**Problem to solve:**
Could you repeat the entries below exactly, but only from the line with "Paleo Harvest Muffins" through the line with "Low Budget Bathroom", and without any picture?

**Task material:**
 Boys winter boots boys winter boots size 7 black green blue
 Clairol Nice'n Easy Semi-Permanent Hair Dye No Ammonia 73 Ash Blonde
* * *
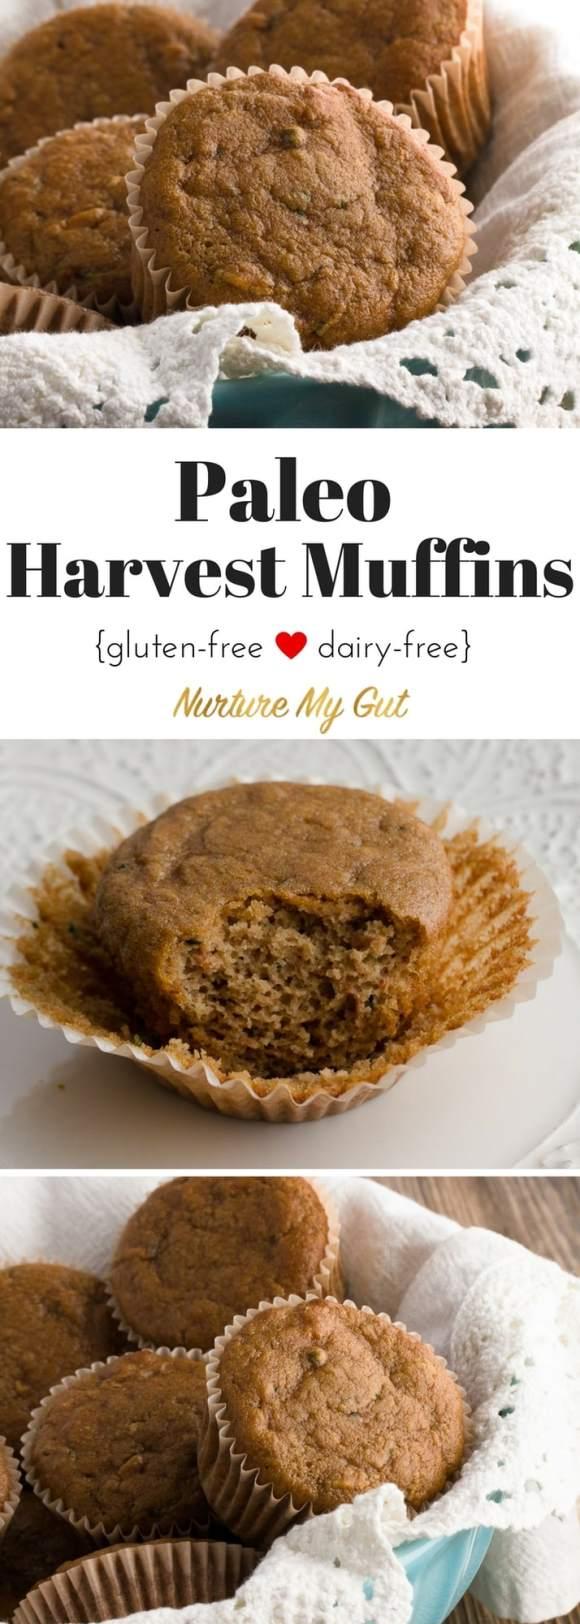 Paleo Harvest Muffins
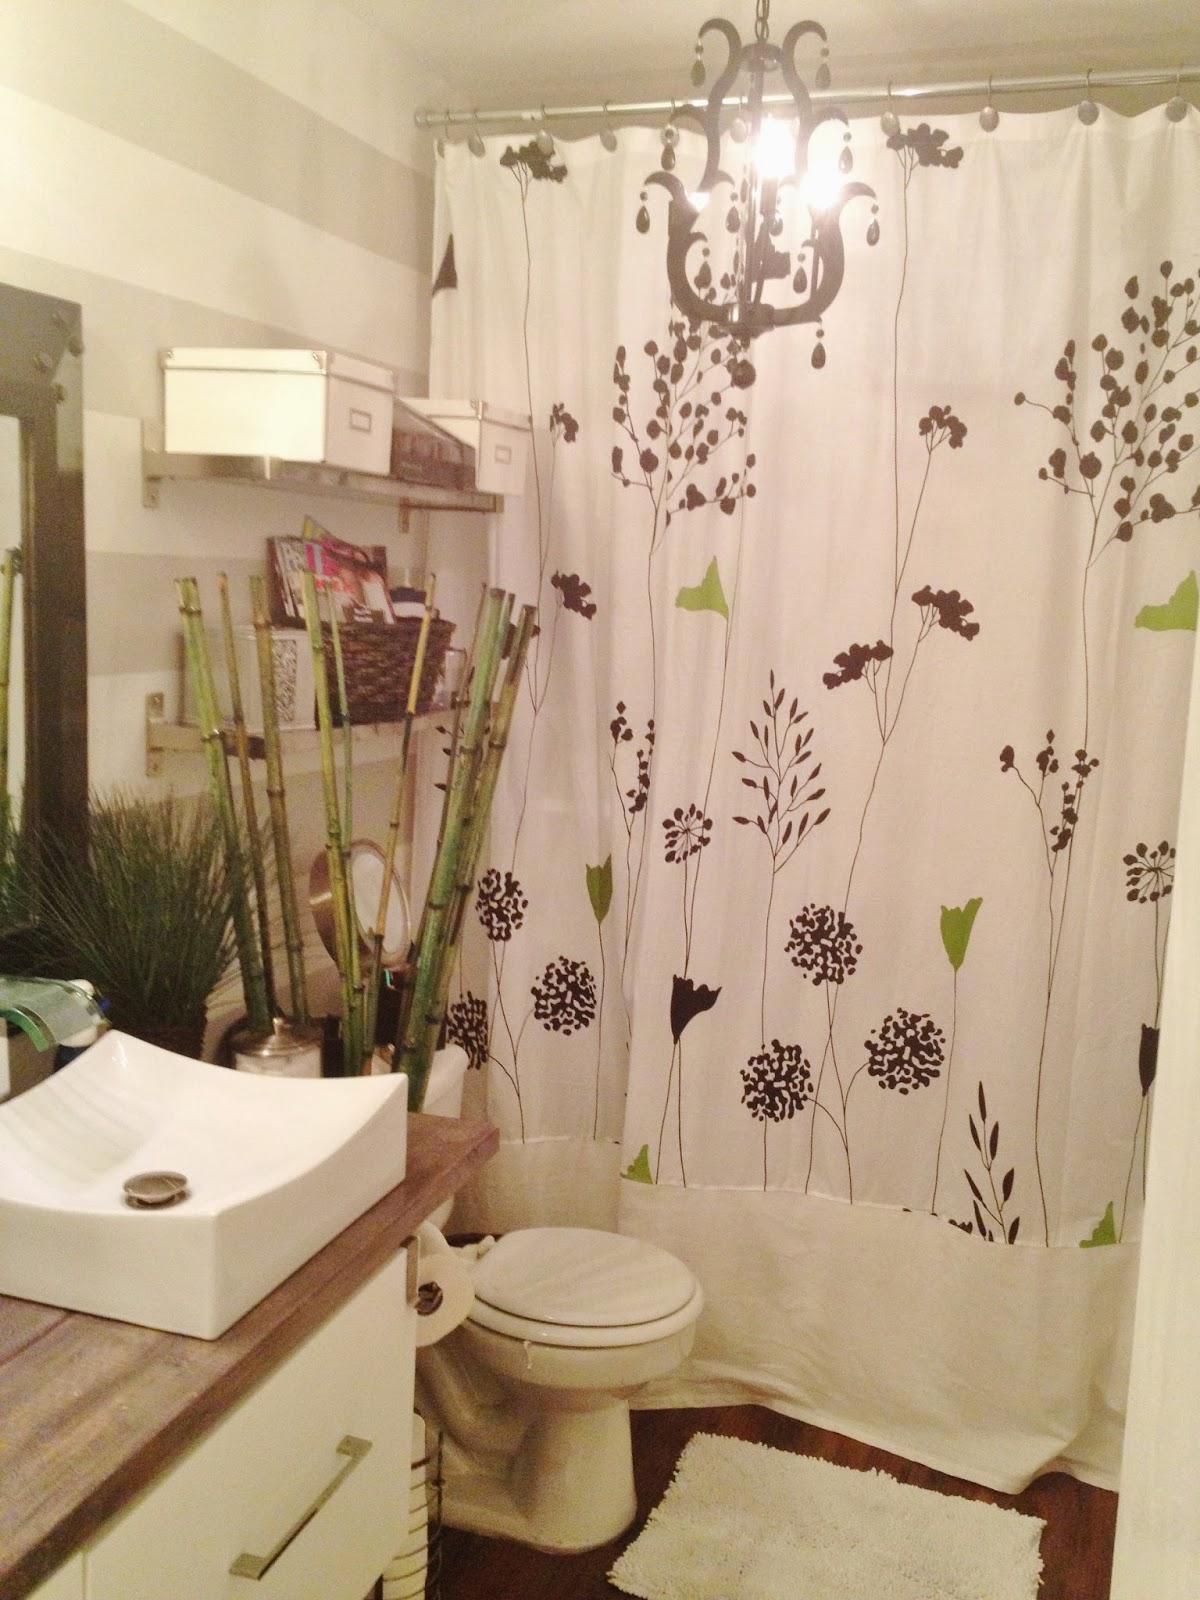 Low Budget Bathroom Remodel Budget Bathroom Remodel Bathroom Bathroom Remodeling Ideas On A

**Solution for this exercise:**
 Paleo Harvest Muffins
 Low Budget Bathroom Remodel Budget Bathroom Remodel Bathroom Bathroom Remodeling Ideas On A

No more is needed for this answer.